Best Beef Rump Roast Recipe:
- 1.3 to 1.6 kg of Boneless Rump Roast
- 1 tablespoon extra virgin olive oil
- 8-10 slivers of garlic (3 to 4 cloves, sliced in half or into thirds)
- Salt and pepper
For the sauce:
- Red wine, water, and or beef stock
- Salt the roast and let sit at room temp
2. Preheat your oven to (190°C).
3. Use a sharp knife to make small incisions in the roast. Gently place slithers of garlic into the incesions.
4. Rub olive oil all over the roast. Sprinkle with salt and pepper.
5. Place roast on rack, fat side up, with pan to catch drippings below. Additionally, make sure to place the roast fat-side up. As a result, the fat melts and bathes the entire roast in flavor.
.6. Cook the roast initially at 190°C for half an hour, to brown it. Then lower the heat to 107°C The roast should take somewhere from 1 1/2 to 2 1/2 hours additionally to cook.
7. When juices start to drip from the roast, and it is browned on the outside, check the roast’s internal temperature with a meat thermometer.

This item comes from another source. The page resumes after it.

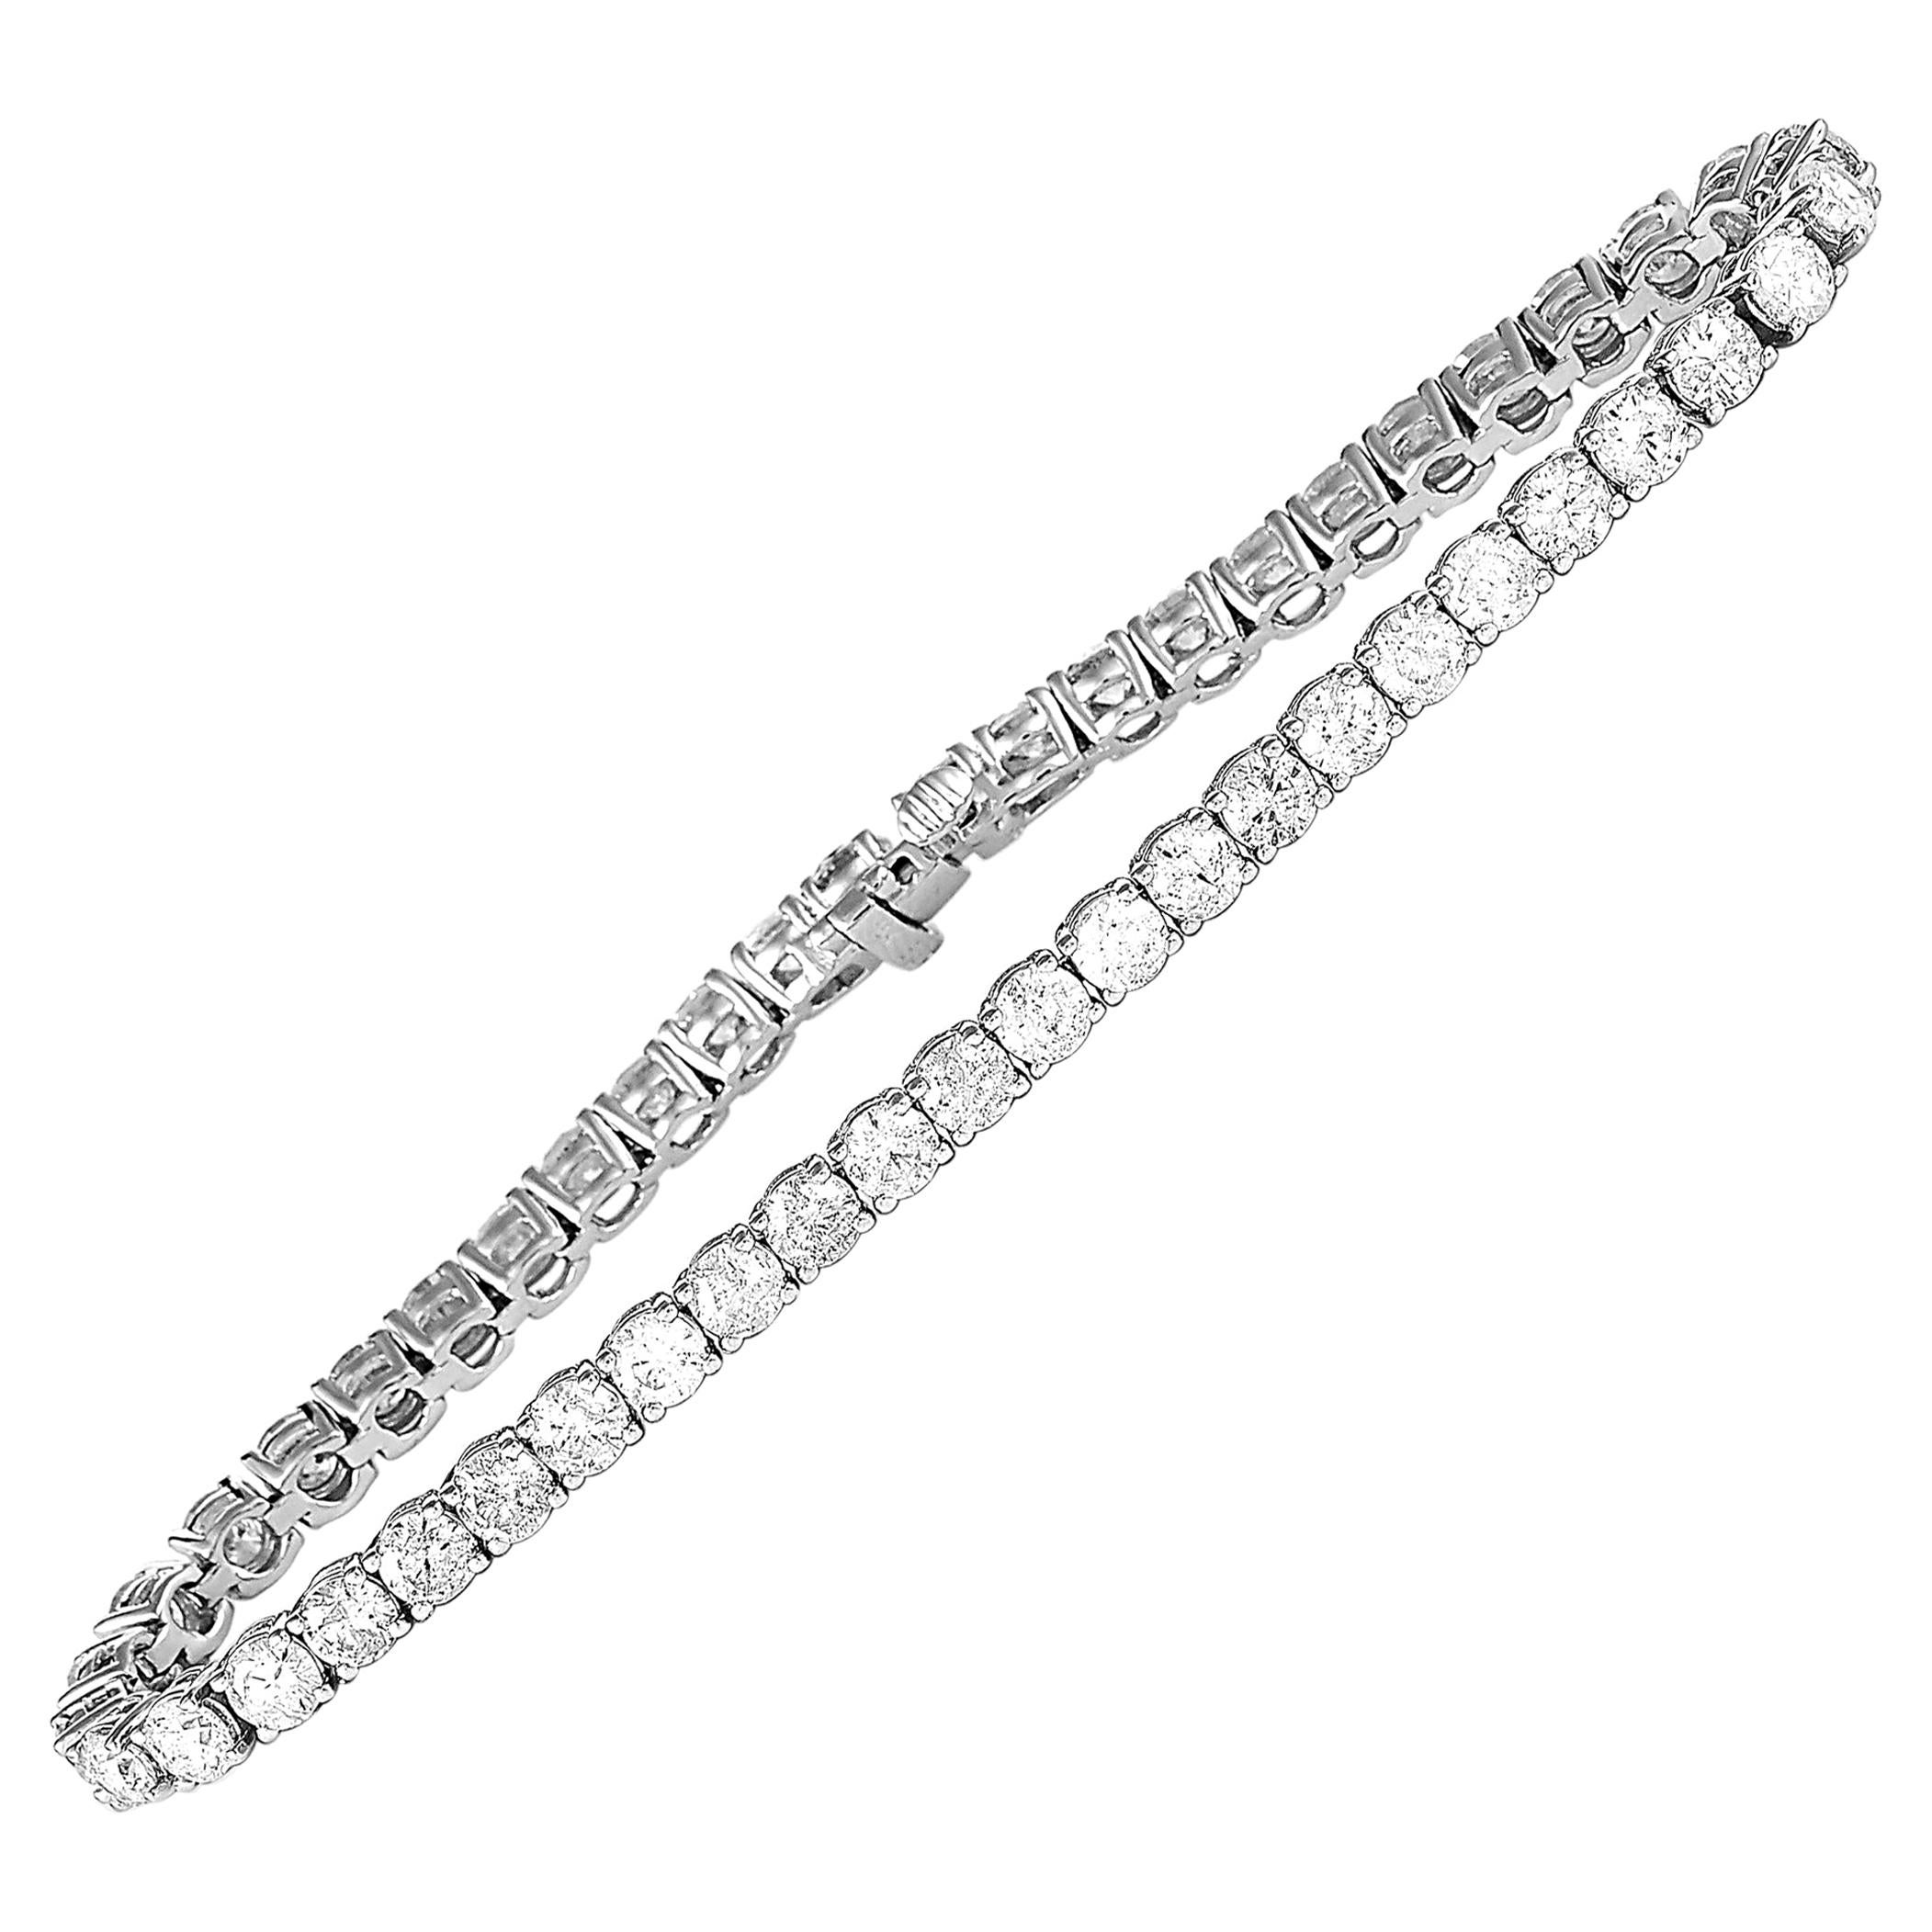 LB Exclusive 14 Karat White Gold 9.29 Carat Diamond Tennis Bracelet

Remove the roast from the oven when the internal temperature of the roast is 57°C to 60°C.
8. Let it rest for 20 to 30 minutes before cutting.
To make the sauce:
Remove the dripping pan from the oven and place on the stove top at medium heat. Add some water, red wine, or beef stock to the drippings to deglaze (loosen the drippings from the pan). Dissolve a tablespoon of cornstarch in a little water and add to the drip pan. Stir quickly while the sauce thickens to avoid lumping.
You can add a little butter if there is not a lot of fat in the drippings. Add salt and pepper to taste. Mom adds some fresh thyme too if she has some.